Friday, June 16, 2023
"Americans deserve a payments system that provides them with speed and convenience, but above all, that keeps their money safe," the senators wrote in June 15 letters to Dan Shulman, president and CEO of PayPal, which owns Venmo, and Brian Grassadonia, the CEO at Cash App.
The letter came a day after Rohit Chopra, director of the Consumer Financial Protection Bureau, appeared before the committee to update members on the bureau's activities. "We are focusing more heavily on supervision of nonbank financial firms, which have not always been subjected to similar oversight as chartered banks and credit unions," Chopra said in prepared remarks.

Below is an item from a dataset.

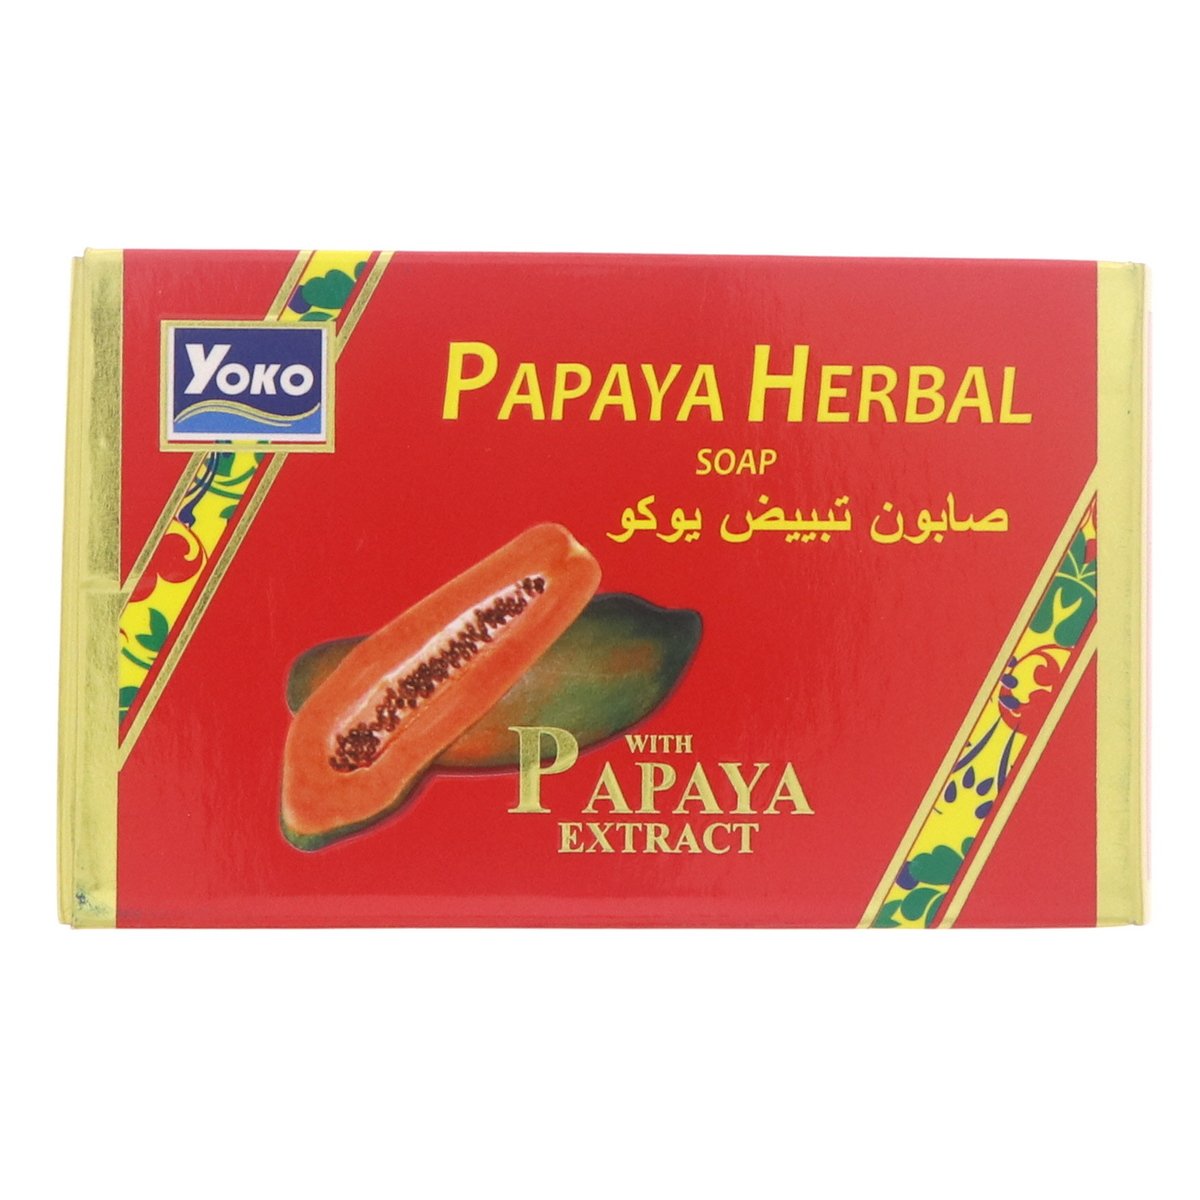 Yoko Papaya Herbal Soap With Papaya Extract 135 g

Asked specifically about fraud and scams on P2P payment platforms, Chopra said the platforms, as well as banks, "have been very slow to take action," according to published reports. And he suggested the proliferation of generative artificial intelligence voice cloning could add to the problem.
The CFPB chief said P2P platforms need to update rules to address the fallout from fraud and scammers. "If not, we're going to continue to have more scams," he added.
In their letter to PayPal CEO Dan Schulman, the four senators complained the company isn't doing enough to protect Venmo users from fraud and scammers, and they quoted the company's annual report as evidence.
"PayPal's annual report notes that although your peer-to-peer payment services are an attractive target for third parties to 'engage in abusive schemes or fraud attacks,' the company's risk management policies and procedures 'may not be effective in detecting and preventing fraud'," they wrote.
While Venmo has not made its own data publicly available, independent reports paint a picture of rampant fraud on P2P networks, the senators noted.
A Consumer Reports survey, for example, found that 9 percent of frequent users of P2P apps were conned into sending money to fraudsters, while 12 percent had accidentally sent money to the wrong person. "In other words, millions of Americans have likely been defrauded or scammed using Venmo without sufficient recourse to recover their lost or stolen funds," the letter complained.
A similar letter was sent to Cash App CEO Grassadonia. The company's annual report notes that the service "makes customers targets for illegal or improper uses, including scams and fraud directed at our customers," the letter stated.
This isn't the first time lawmakers have honed their focus on P2P payment platforms. Last year Sen. Warren took bankers to task for inadequate fraud protection on Zelle, a P2P payment platform owned by many of the nation's largest banks.
The four banking committee members who signed the June 15 letter gave the two CEOs a list of questions, and a June 30 deadline for answers. They want data on numbers of customer-reported frauds over the past five years, as well as specific types of fraud—unauthorized transactions as well as transactions related to scams.
The lawmakers also are seeking information on the number of accounts tied to fraudulent activity, as well as policies and practices each network has put in place to detect and eliminate fraud.
P2P payment platforms have been raising plenty of concerns in regulatory circles, too. Earlier this month, the CFPB issued a warning to consumers that money left in these accounts lack the same protections as money on deposit at federally insured financial institutions.